Im Jahr 2001 ist der Durchschnittspreis für eine Tonne Import-Rohöl um zehn Prozent gegenüber dem Vorjahr gesunken. Während im Jahr 2000 eine Tonne Rohöl, die nach Deutschland importiert wurde, 227 Euro kostete, so musste 2001 nur noch 204 Euro bezahlt werden.

OPEC-Importe sanken um 20,7 Prozent

Auch bei der Gesamteinfuhr von Rohöl verzeichnet das Statistische Bundesamt in Wiesbaden einen leichten Rückgang von 0,5 Prozent auf 104,6 Millionen Tonnen.

Bei den wichtigsten Lieferländern steht Russland mit 29,6 Millionen Tonnen an erster Stelle, gefolgt von Norwegen (20,3 Millionen Tonnen ) und Großbritannien mit einer Quote von 16,2 Millionen Tonnen. Allein diese drei Länder deckten 63,2 Prozent der deutschen Rohölimporte ab. Nur ein Fünftel der weiteren Öleinfuhren kam im Jahr 2001 aus den OPEC-Ländern - insgesamt 22,6 Millionen Tonnen. Wichtigstes OPEC-Lieferland war Libyen (9,8 Millionen Tonnen), vor Algerien (4,0 Millionen Tonnen) und Saudi-Arabien (3,9 Millionen Tonnen). Gegenüber dem Jahr 2000 verminderten sich damit die Importe aus den OPEC-Ländern um 20,7 Prozent.

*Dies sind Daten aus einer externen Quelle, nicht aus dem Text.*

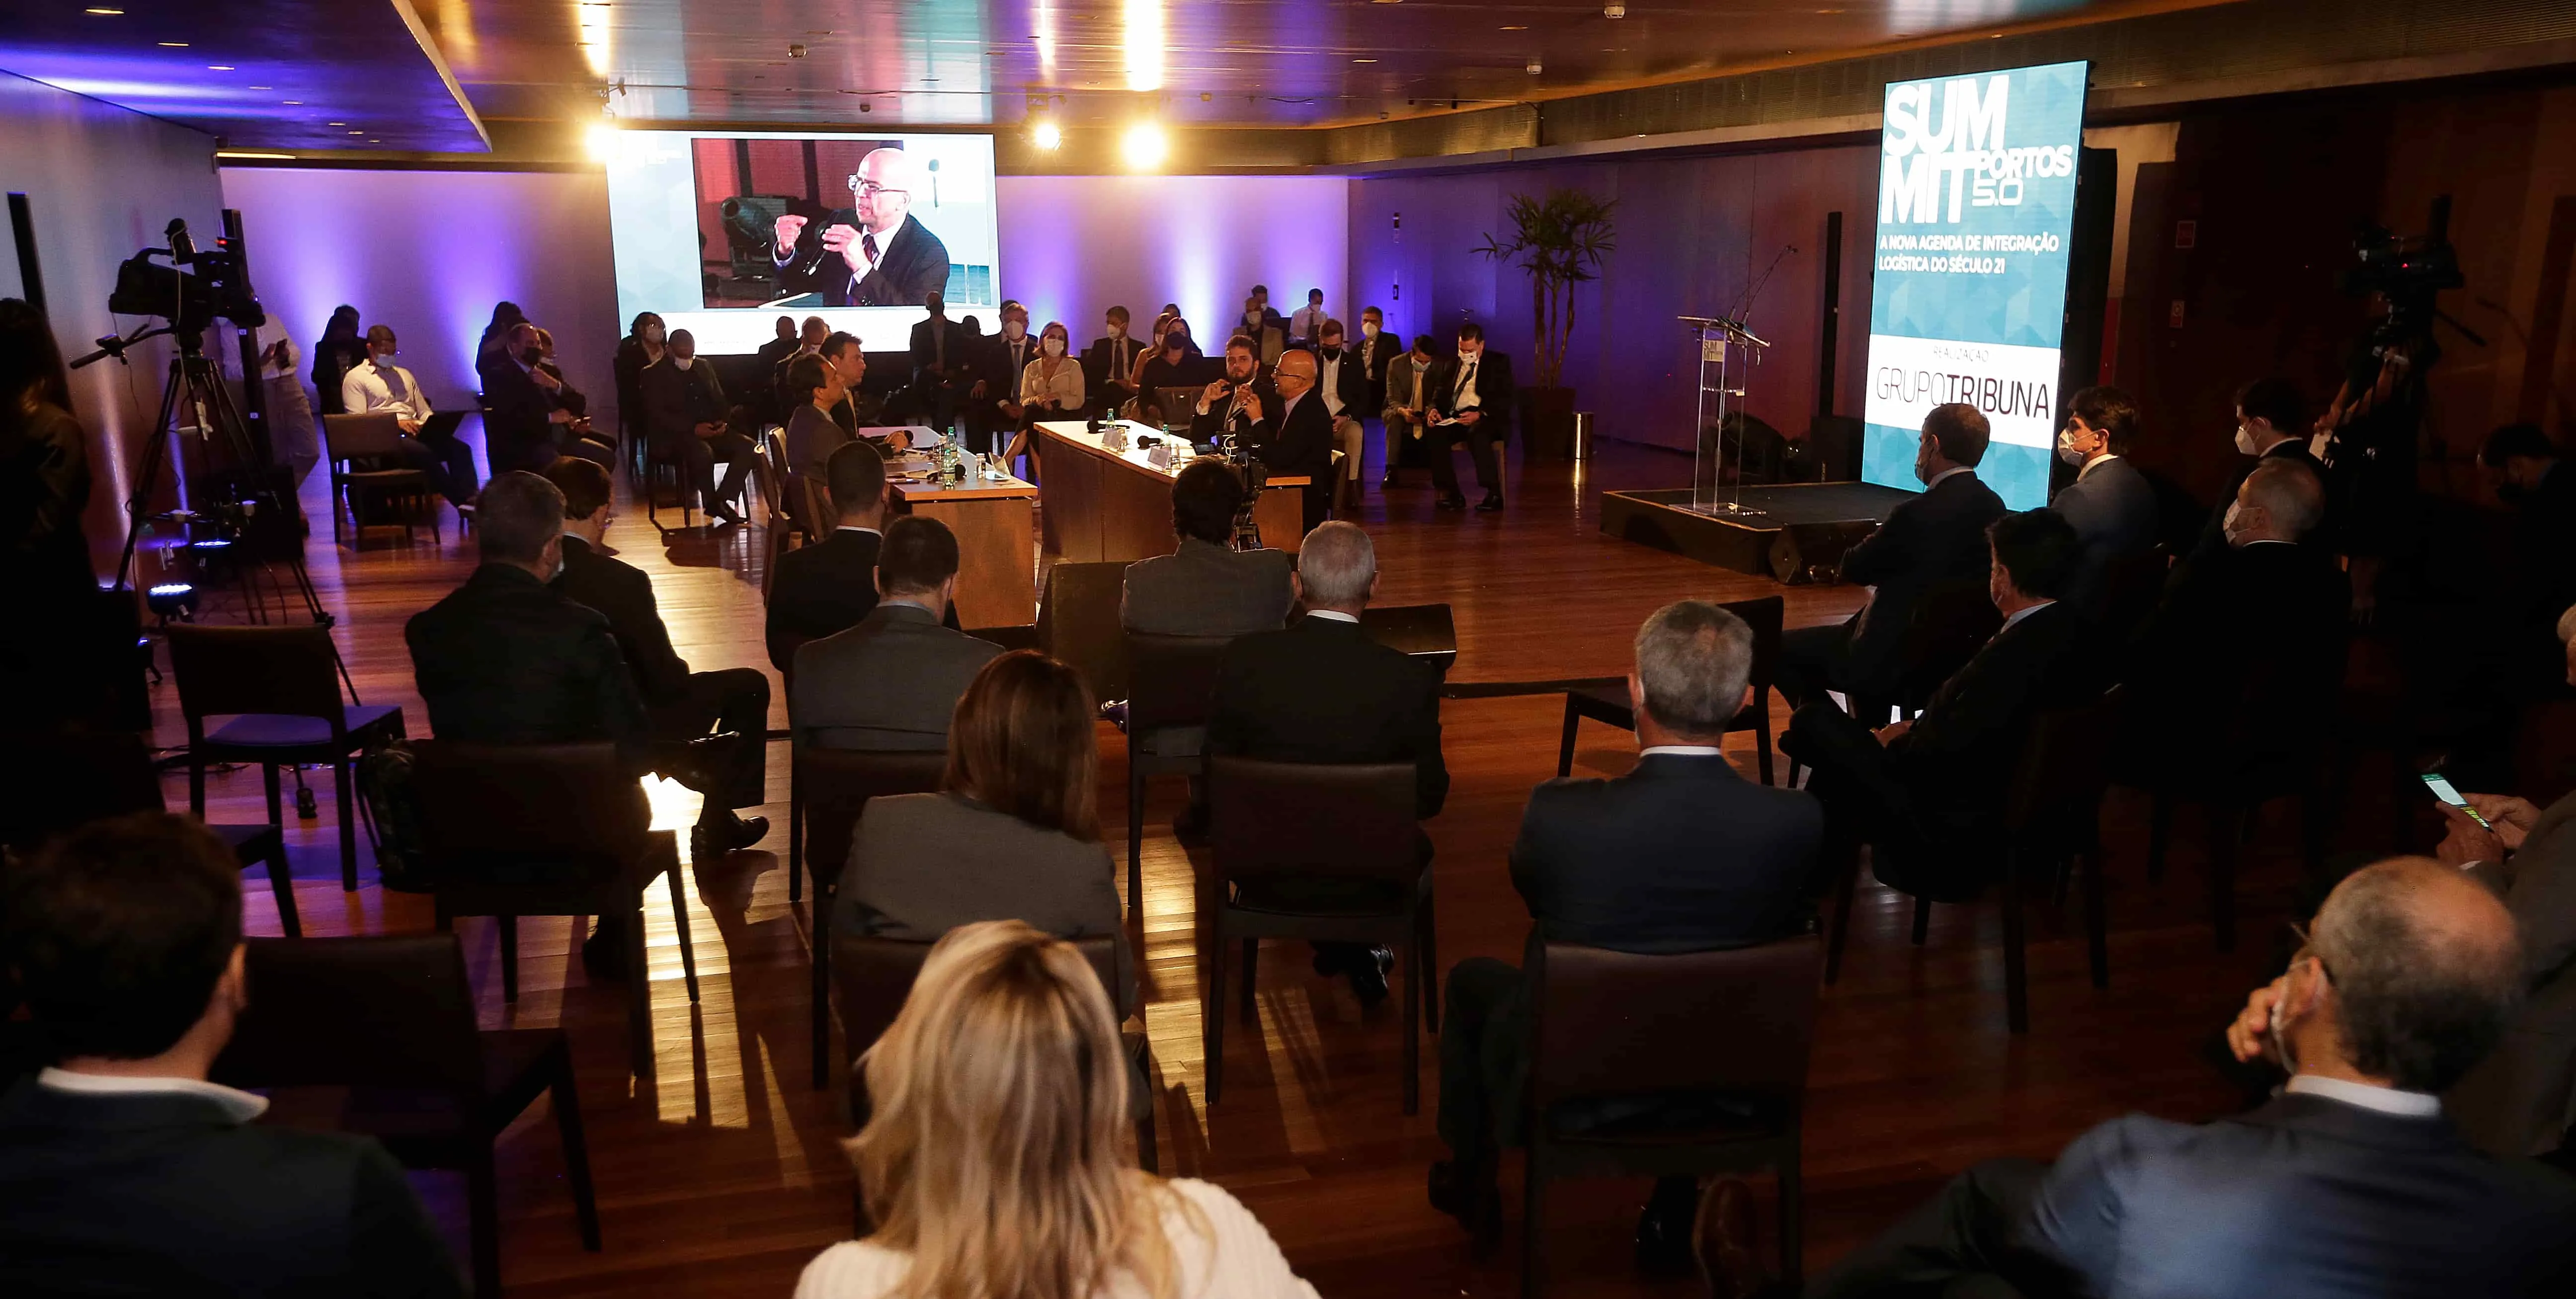  Summit Portos 5.0, evento do Grupo Tribuna, foi realizado nesta quinta-feira (21), em Brasília 
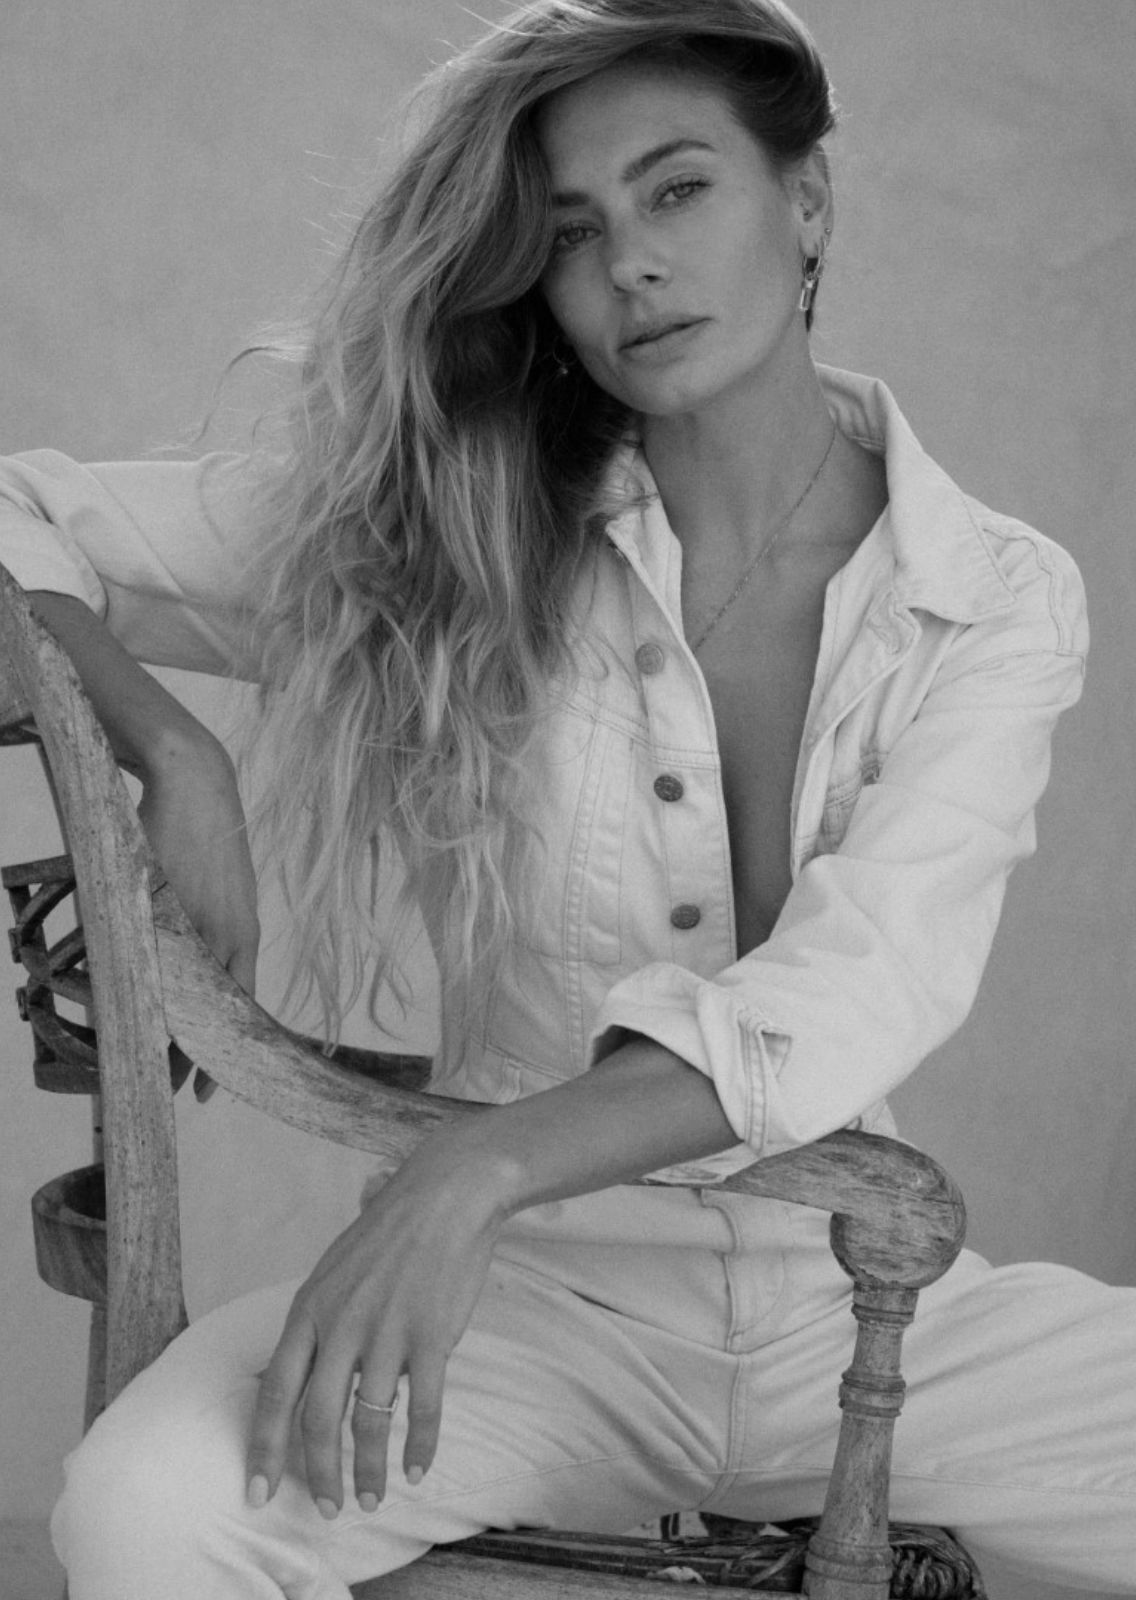 MALIN SVENSSON. Carmen Duran Model Agency.

Innerhalb der Europäischen Gemeinschaft ist Deutschland der größte Rohölimporteur. Deutschland bezahlte im Jahr 2001 für Rohöllieferungen 21,4 Milliarden Euro. Auf Rang zwei und drei stehen Frankreich mit 17,3 Milliarden Euro und Italien (16,5 Milliarden Euro).